■ ABOUT THIS EXERCISE:
Repeat the data word for word. Do not include the pictures.

■ INFORMATION SUPPLIED:
++++++

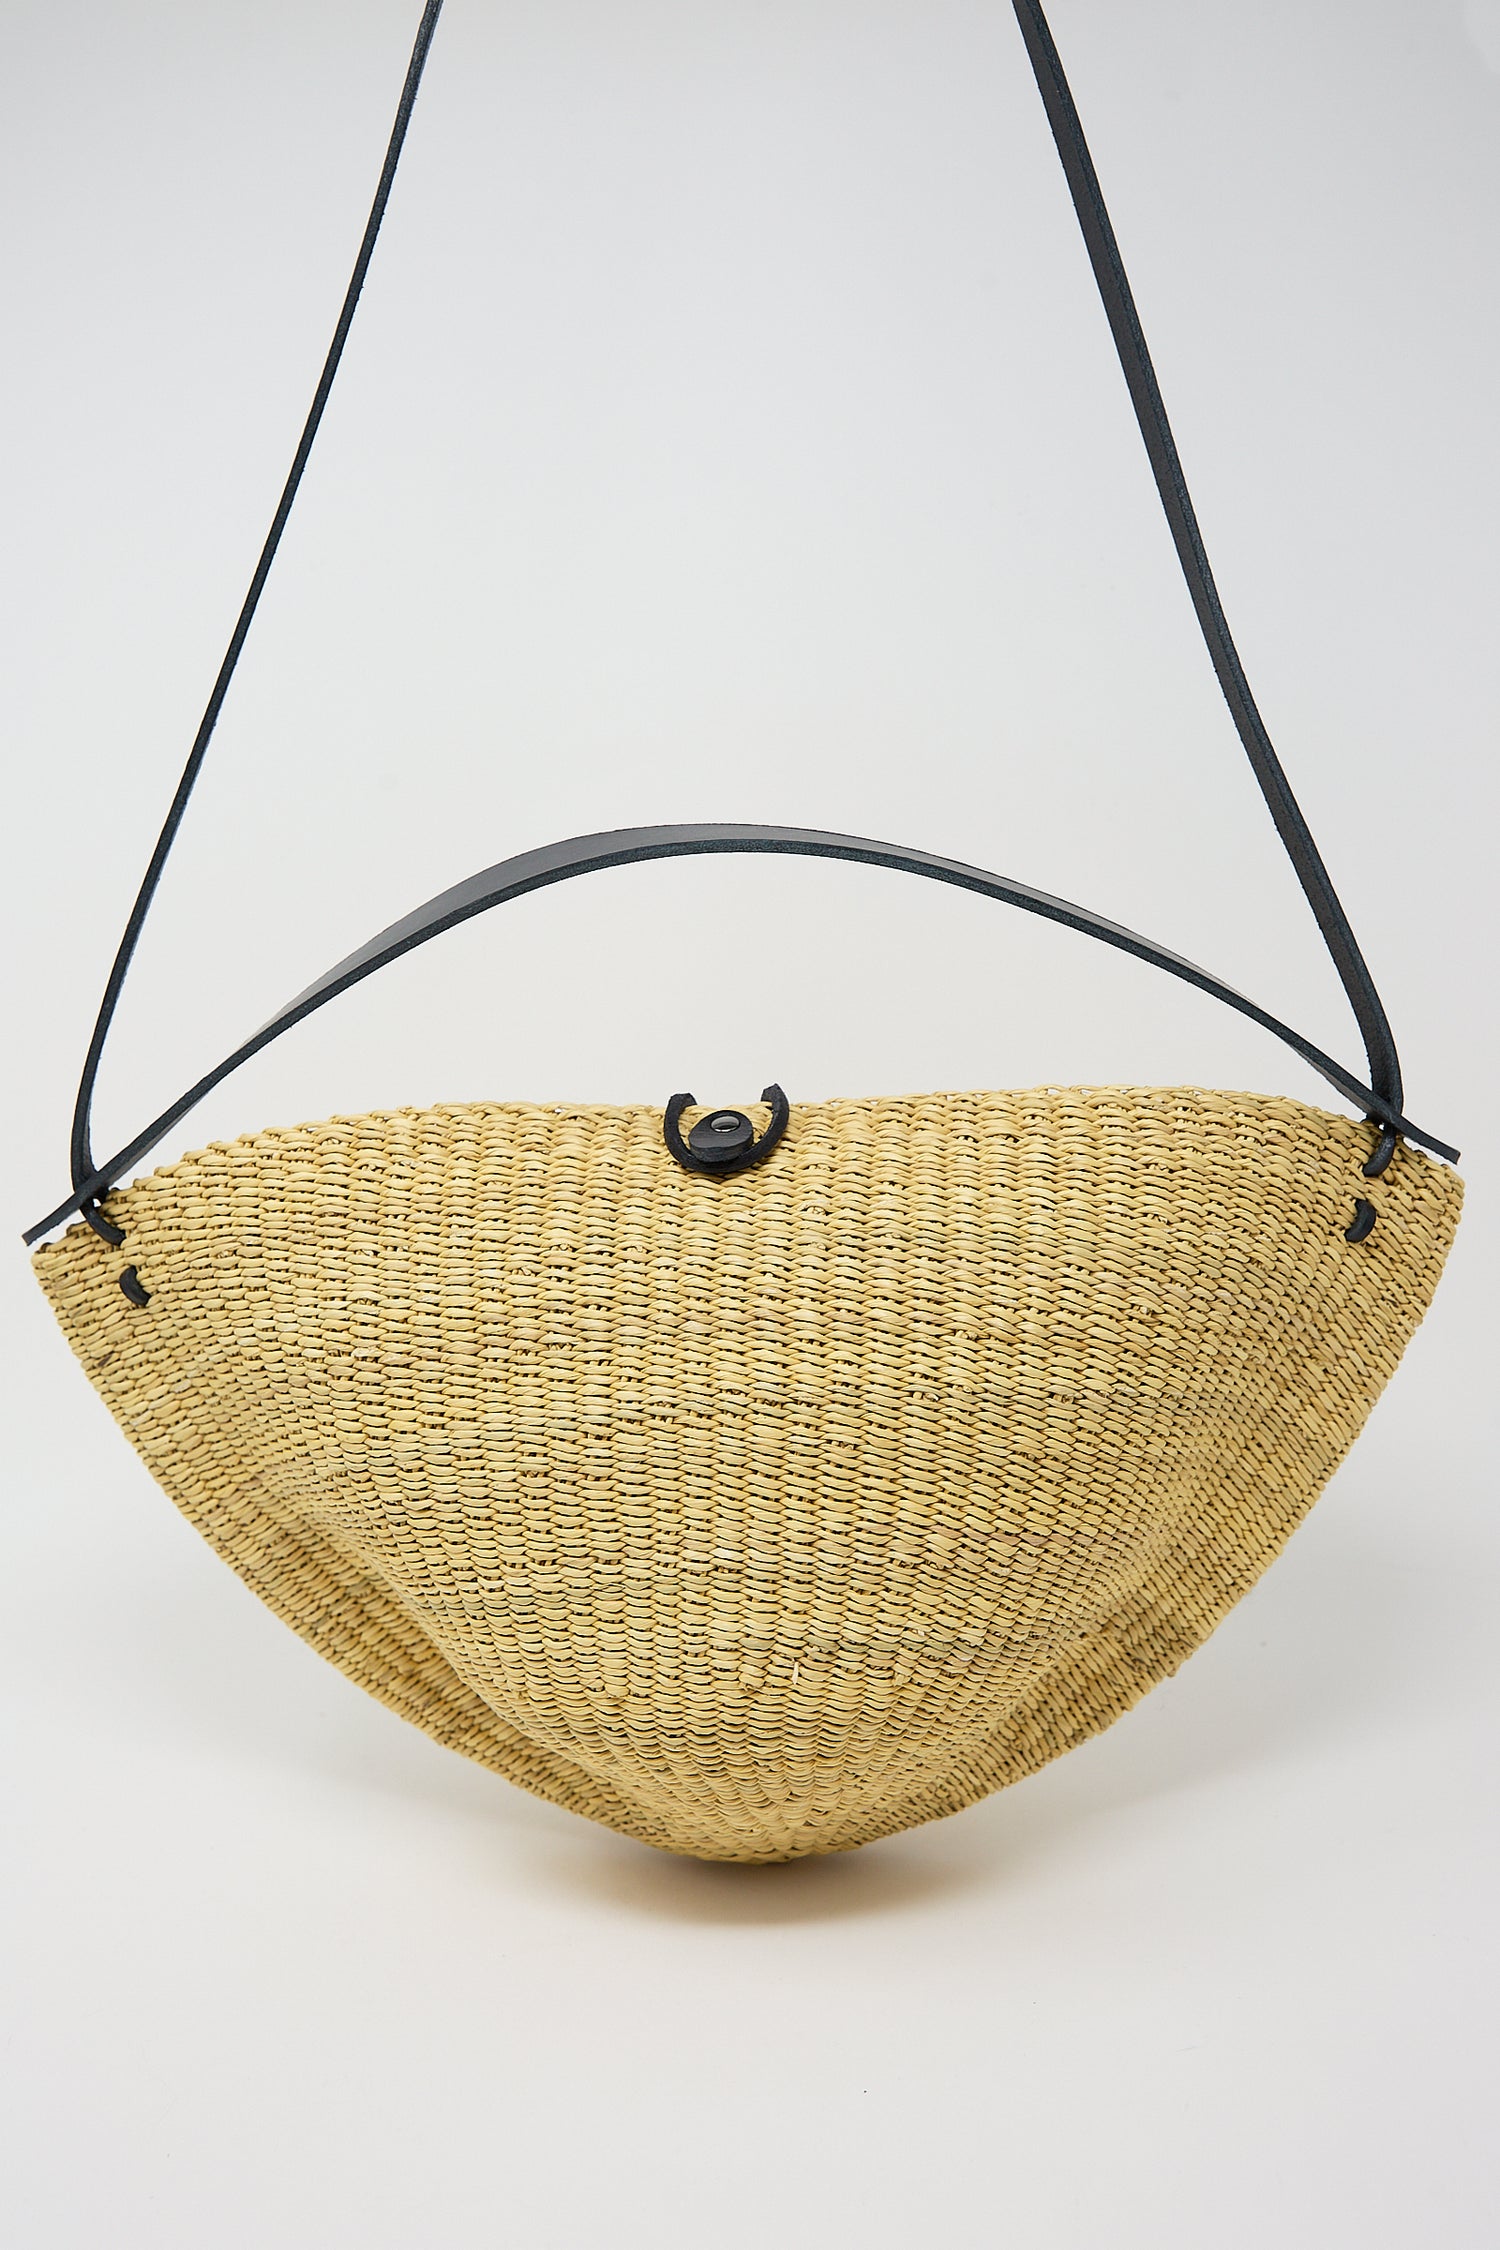 Woven yellow half-moon shaped N. 33 Medium Walnut Bag in Natural made from elephant grass with a black strap by Inès Bressand.
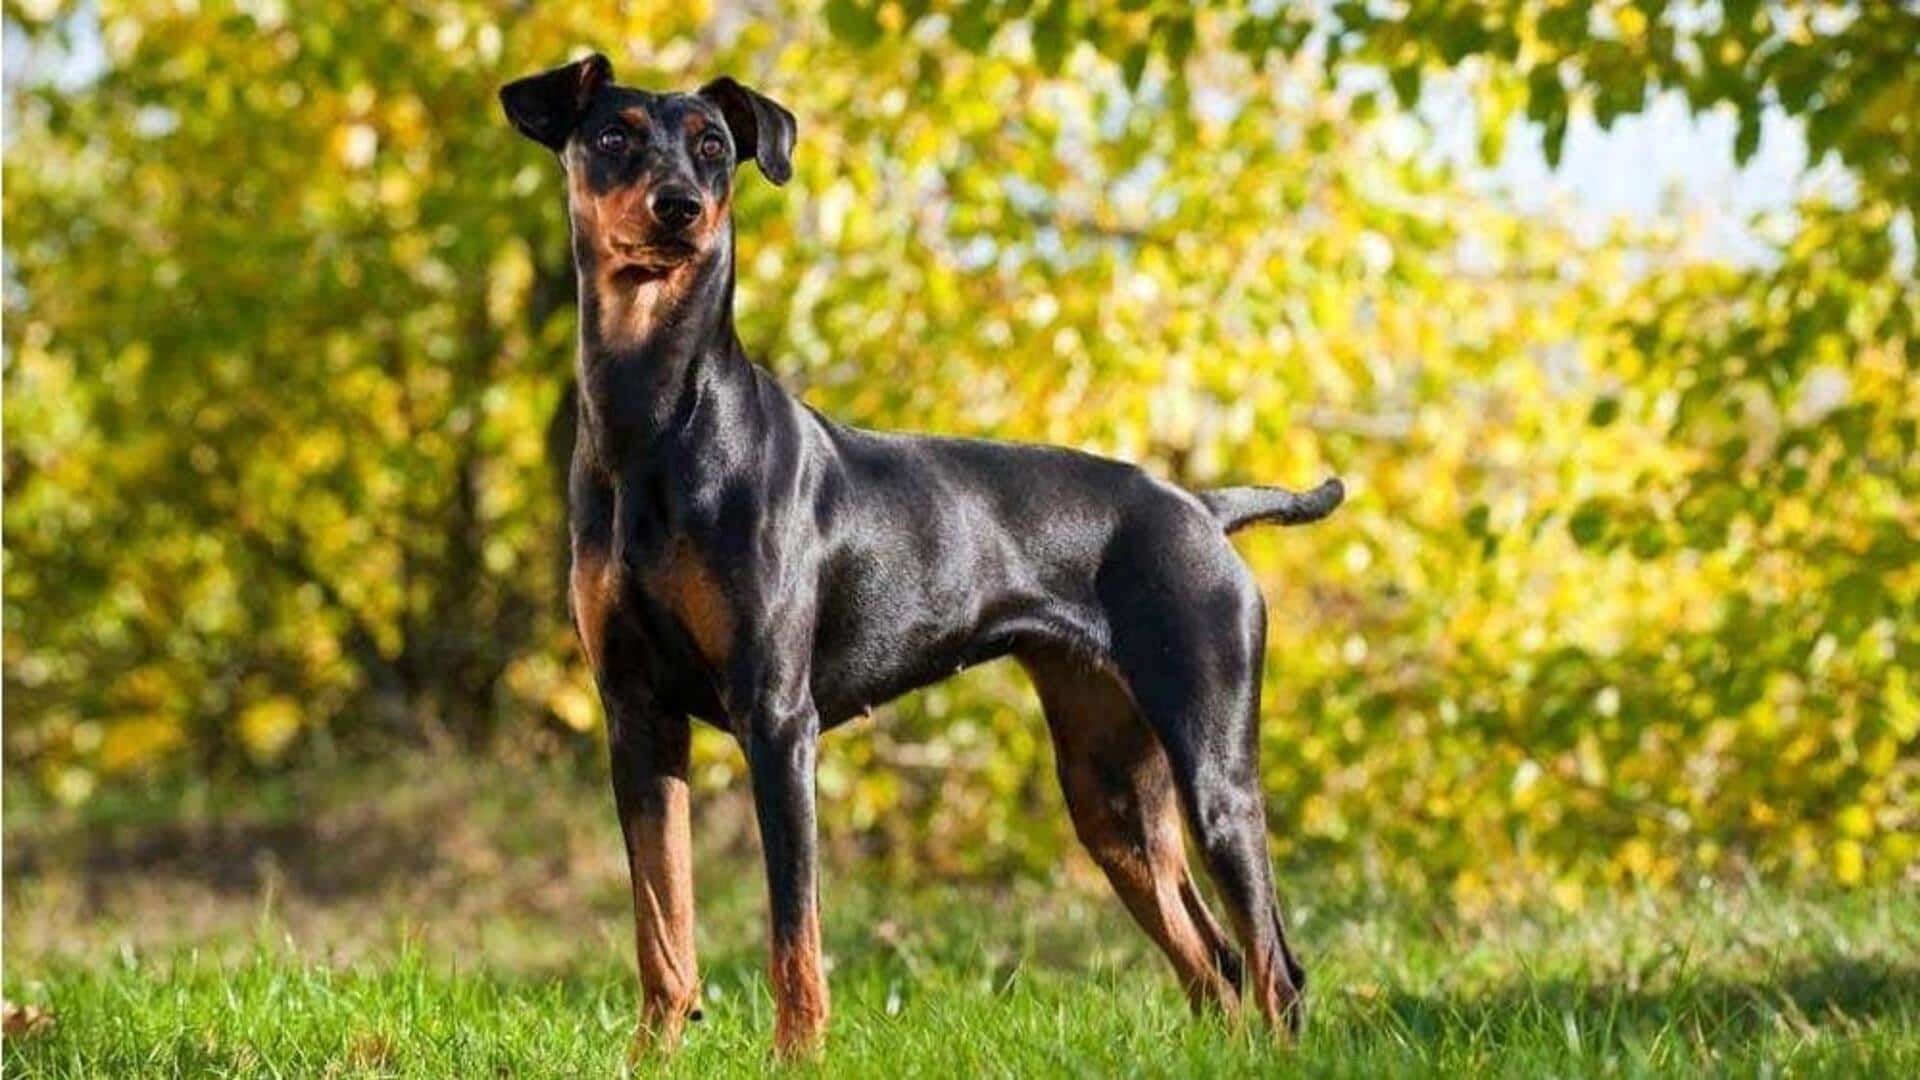 German Pinscher care tips: Food, training, grooming, and socialization
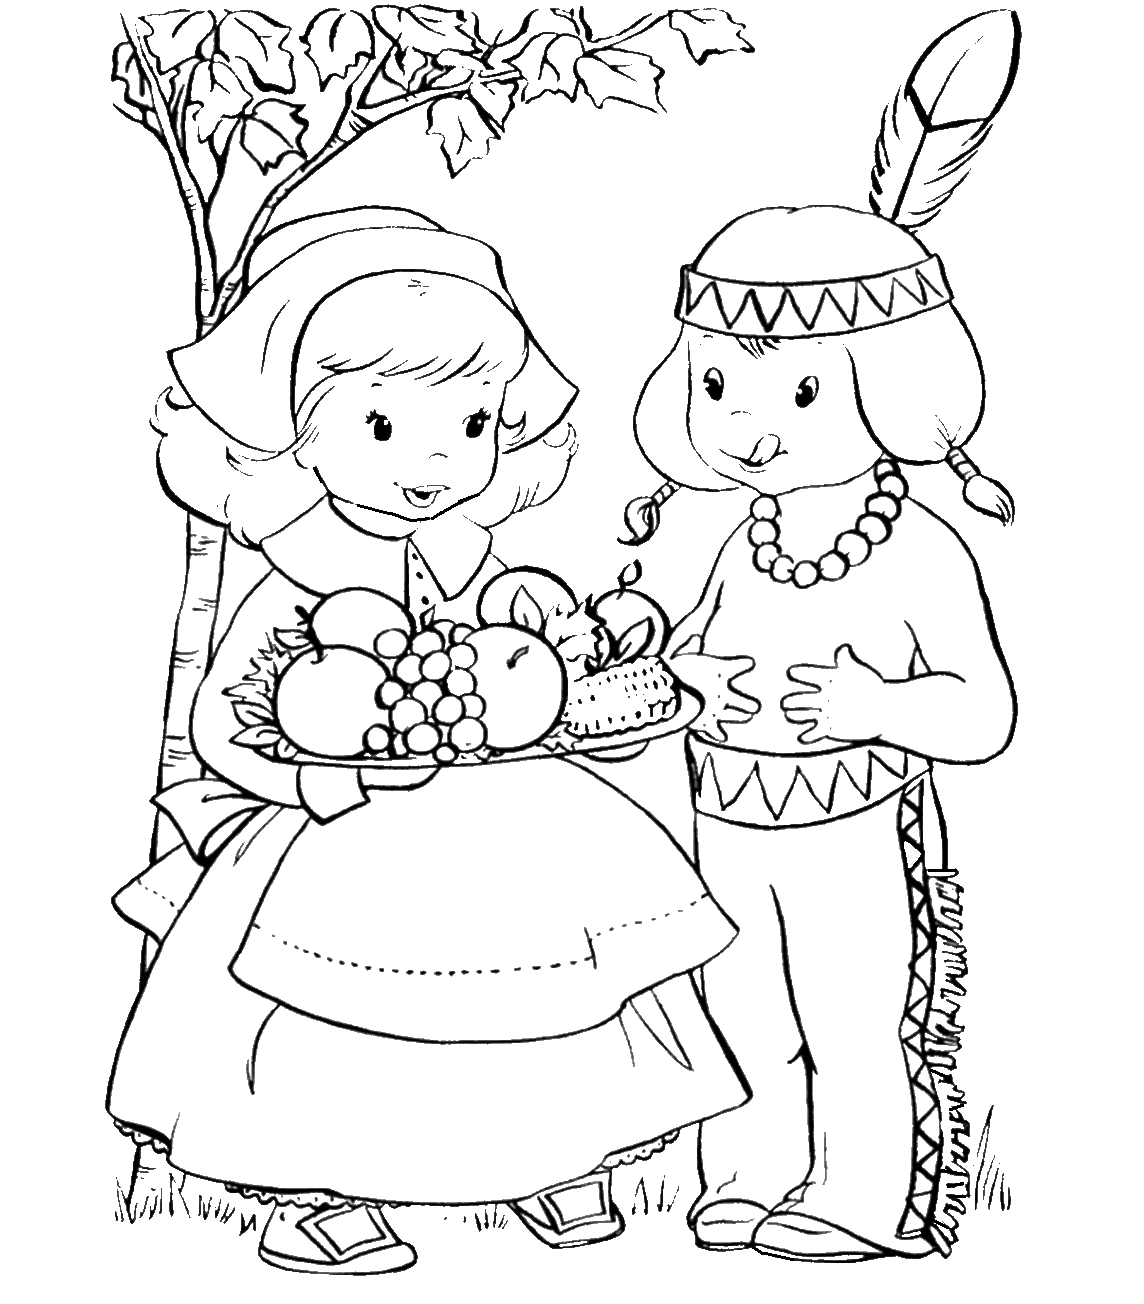 Indian Coloring Pages indians_55 Printable 2021 3550 Coloring4free

++++++

■ EXPECTED ANSWER:
 Woven yellow half-moon shaped N. 33 Medium Walnut Bag in Natural made from elephant grass with a black strap by Inès Bressand.
 German Pinscher care tips: Food, training, grooming, and socialization
 Indian Coloring Pages indians_55 Printable 2021 3550 Coloring4free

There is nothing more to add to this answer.